To the left of me, a door creaked open and a craggy gent, who I presumed was a caretaker, popped out. I assumed that was the end of the path as, looking through the open doorway, I only saw a dim light and a few steps leading to a closed passage. I made my way back to where I came in and back down the massive stairwell. When I reached the bottom, I met a helpful young couple composed of an American girl and her French boyfriend.
They informed me that I couldn’t exit this way as they made their way up the staircase and try as I might, I couldn’t pull open the gate at the bottom to let myself out. Traipsing back up the 300 steps I followed the narrow pathway past the couple who’d stopped to admire the views and realised there was an extra section I’d missed.
After spending a quarter of an hour further admiring the even greater perspective offered by this further part of the tour, I meticulously found what was definitely the exit, made my way down and pushed open a fire-door to reach the crypt – a stone chamber in the church’s vault – at the bottom which was closed because it was a weekday afternoon.
As the doorway slammed shut behind me, I made my way to the large wooden doors which led to the outside. But try as I might, I couldn’t force them open. I now appeared to be stuck in the enclosed crypt of one of the largest churches in Paris alone, with no way out.
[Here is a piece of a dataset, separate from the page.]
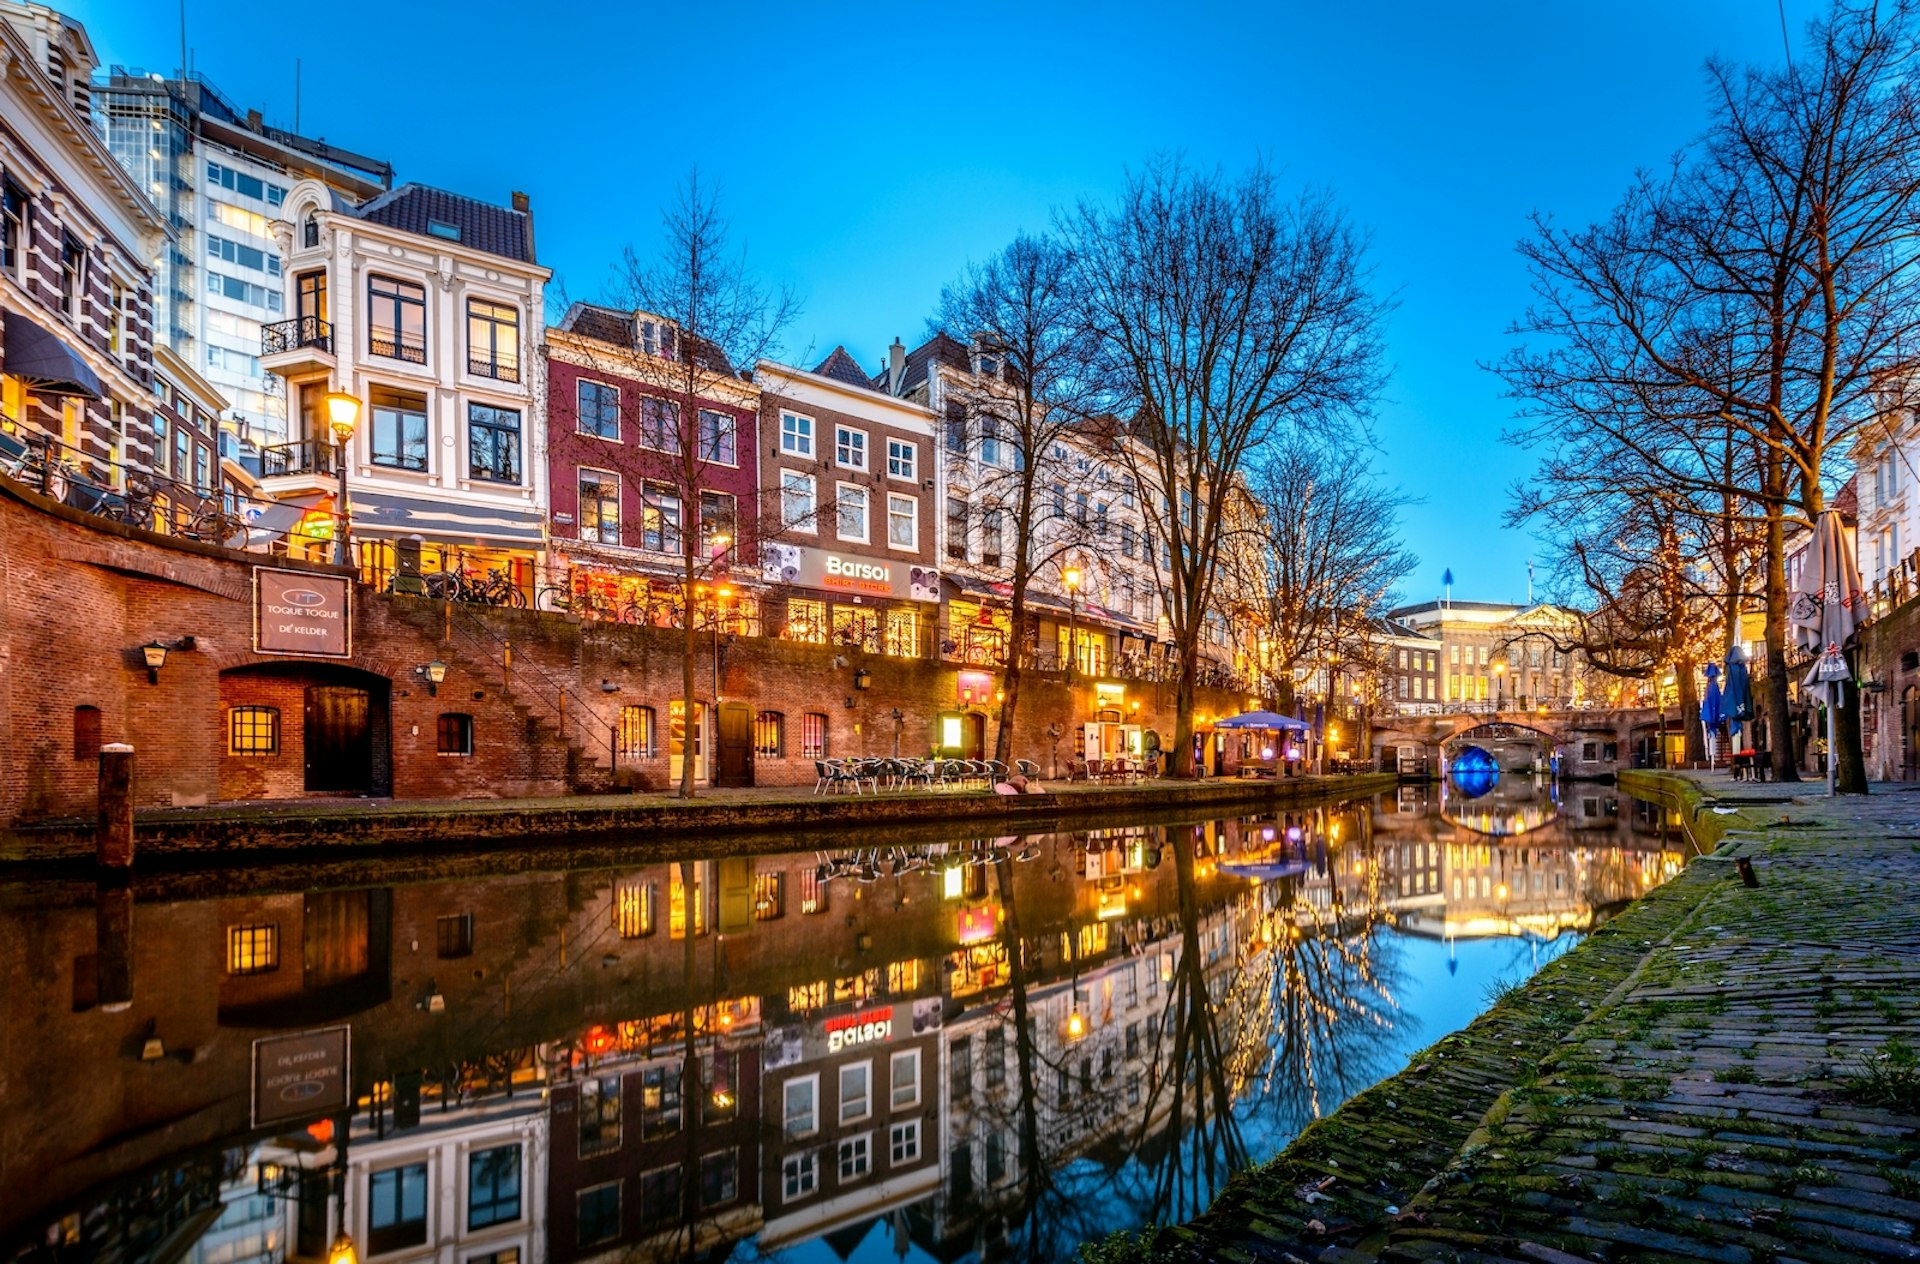 The canalside in Utrecht is lit up at dusk; Copenhagen alternatives

I banged on the door to attract attention from anyone outside but no one came and none of the various handles and latches on the structure responded to my turns and pulls.
A few minutes later, I heard some steps down the staircase from the other side of the fire exit. I rushed over and began knocking on the door and sure enough, the figures on the other side pushed it open.
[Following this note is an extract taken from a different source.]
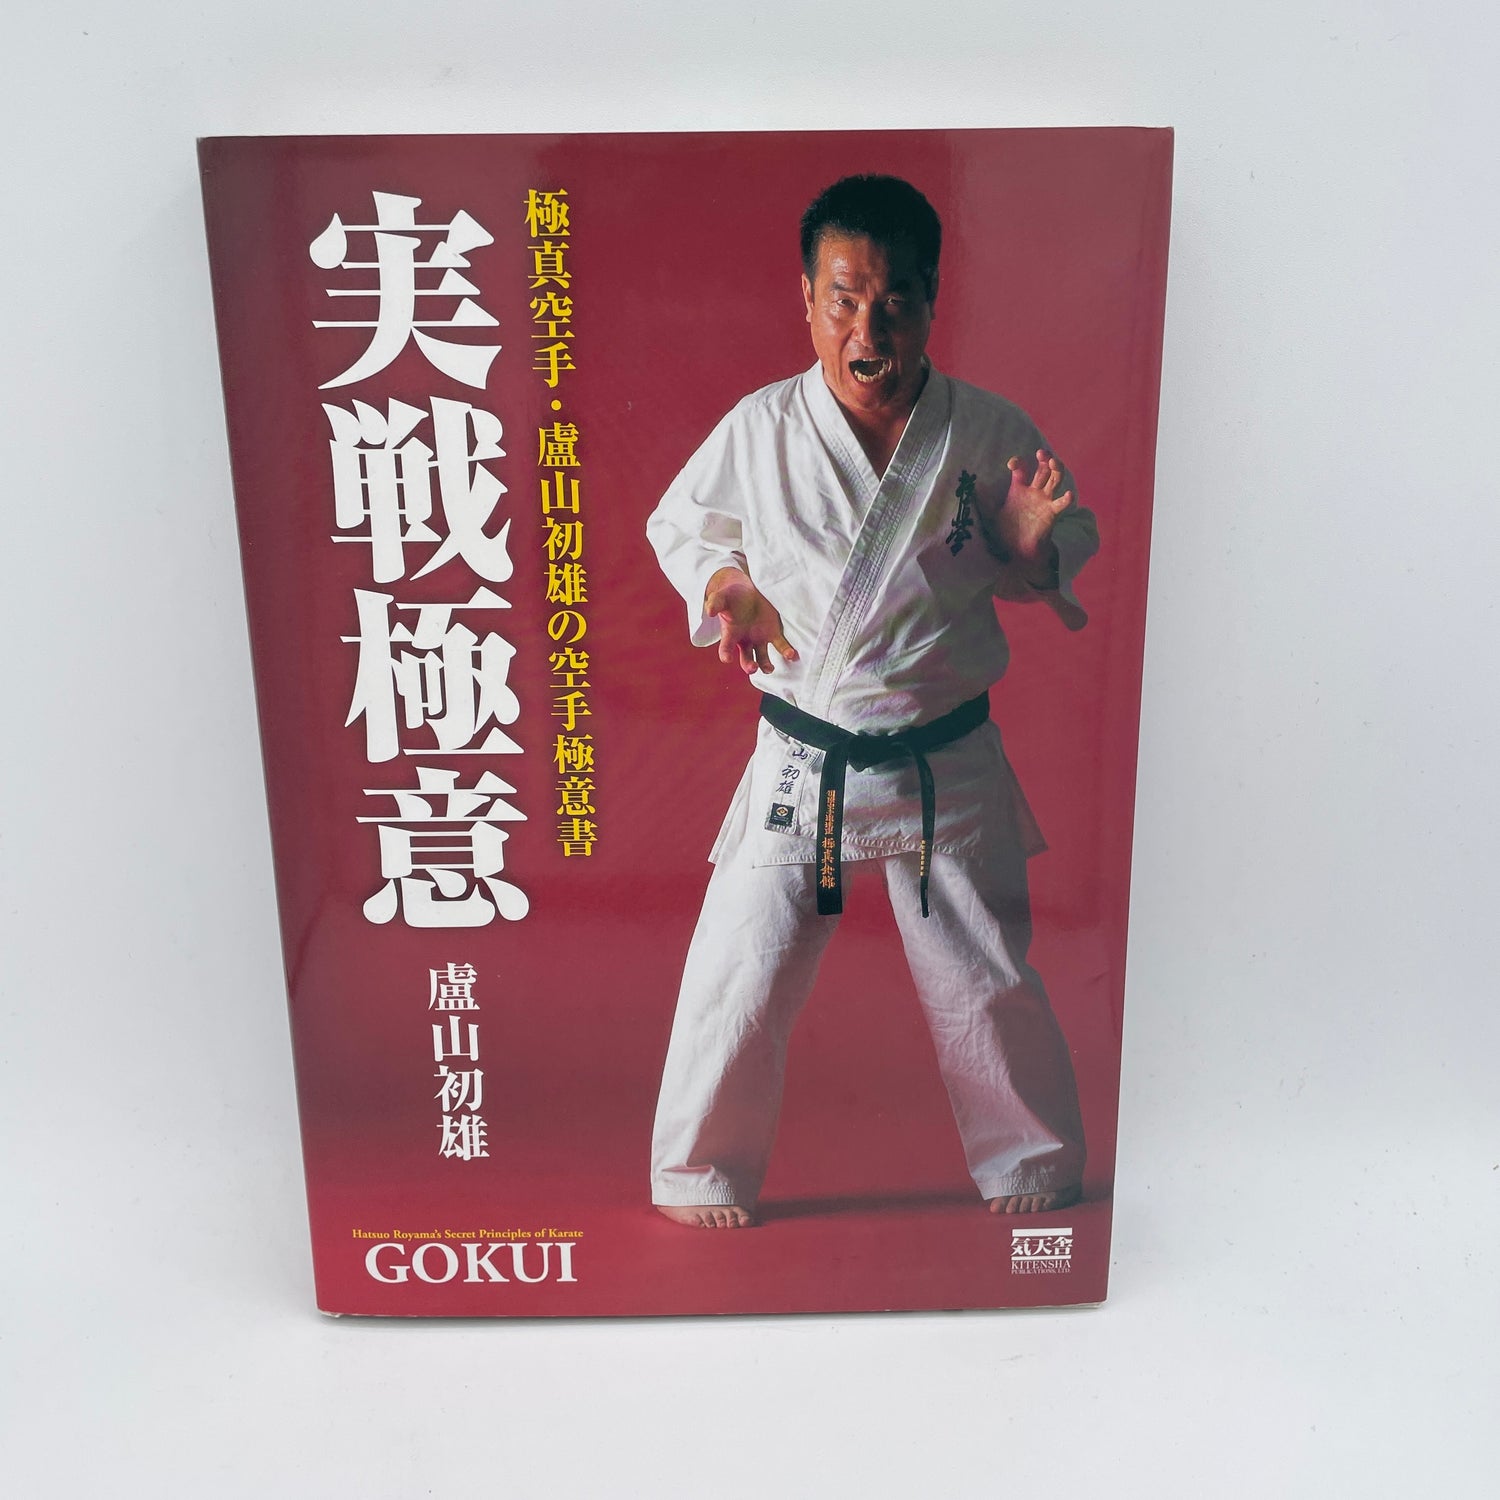 Gokui Secret Principles Of Karate Book By Hatsuo Royama (Preowned)

“You again…”, the French half of the couple said – like he was meeting an old friend – as they made their way into the crypt. I explained that the doors to leave the building were locked and that there didn’t seem to be a way out.
Telling his girlfriend to hold the fire exit open, the guy made his way to the large open doors, inspected them for a second and then effortlessly pulled them open. After uttering an embarrassed “Merci”, I made my way outside.
The rest of the afternoon proved relatively straightforward as I took in the rest of the attractions in Montmartre including the Salvador Dali museum, the Place du Tertre and its large vineyard unusually located in a built-up residential area.
After a late-night guided tour of the backstreets of the village, I headed back to Timhotel for a night’s rest and to plan the next day’s sightseeing. As I approached my hotel, a man suddenly began animatedly talking to me in front of the establishment “Sexodrome”. and gesturing to something in the distance. Not quite following his quick French jib, another gentlemen came up to me and pointed to a woman standing between two cars.
Amidst the $ex shops and adult theatres, I began to get the feeling somehow they were touting for business and that this lady was the femme du jour. Exasperated I said in French that I couldn’t understand what they were saying.
Realising my Anglicised heritage, they switched to my mother tongue, explaining that they were filming a movie and that they needed me to cross the street or stay where I was. At first I thought they meant that they wanted me to do that so they could film it and include it in their film but it became clear that they just needed me to stay out of shot as a scene was about to be started.
Agreeing, I waited patiently with them at the roadside and saw a guy which a large camera scuttle backwards as two men on bicycles in Mickey Mouse masks rode past. After they had gone by, the camera swung to a shop window where a man in face paint and a woman sucking a giant lollipop talked. Half a minute later, someone yelled cut and I was informed that I could now go on my way.
Wishing them “Bonne chance”, I sidled between them and into Timhotel. As I collected my room key, the clerk wished me a good evening. I’d had one already, I thought to myself.